Although I would classify Hear You as post-rock, it isn’t a strictly instrumental album. In fact, many of the songs include singing, like the tracks ‘Commit Ballad’ and ‘Song Silly’. Some songs are softly cooed, some are rapped. There are both male and female singers, making the sound all the more diverse. The singing is also predominantly Japanese, but I think I can identify English in “Song Silly”.

This first half of the album sounds like one big song that slowly evolves. The second half is where things begin to mix up. ‘Time Goes’ actually sound more like rapping than singing, backed by some funky guitar, bass, and organ. The next song, ‘オトトタイミングキミト’ follows up with the hip-hop feel, this time with jazzy piano parts.
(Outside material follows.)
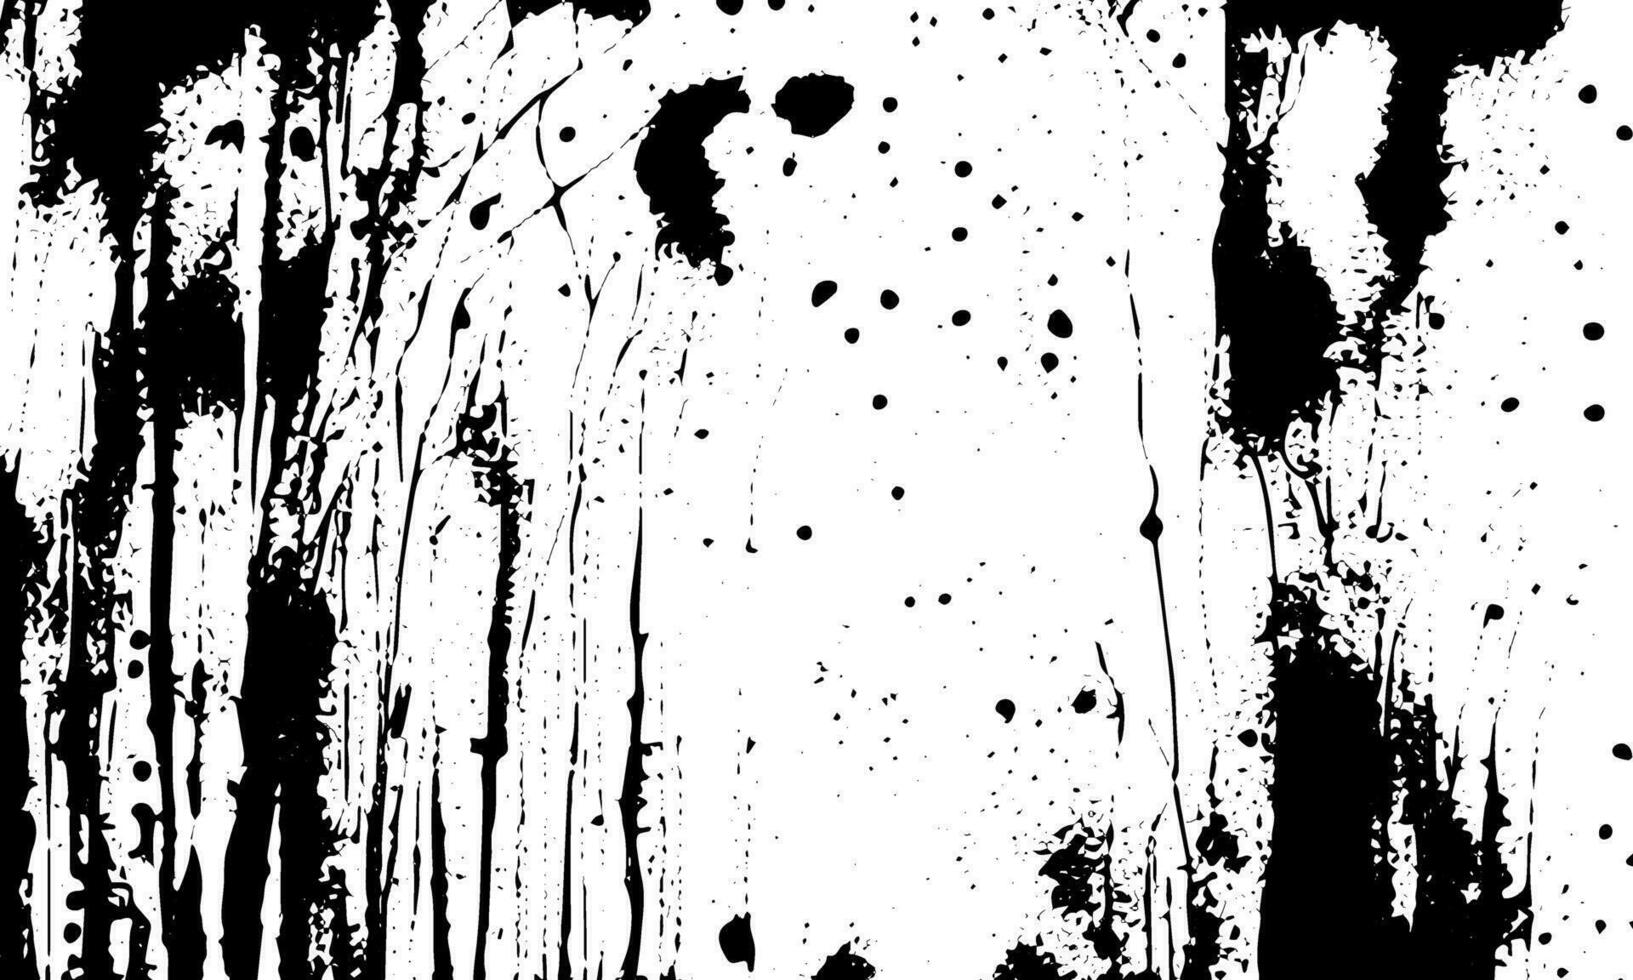 grunge detaljerad svart abstrakt textur. vektor bakgrund

The crisp drumming throughout the album is standout. In fact, the busy drumming during breakdown in “A Desert of Human” is probably the best moment on the entire album. At times drummer Kashikura Takashiit hangs back, waiting. But when the time comes his playing is urgent and hurried, adding pace and filling the emptiness in a tasteful way. He plays around the timing with drags and shuffles, and makes the most of space with varied rolls, fills and flourishes. There is a very math-rock approach, adding colour and vibrancy to some otherwise straightforward sounding songs.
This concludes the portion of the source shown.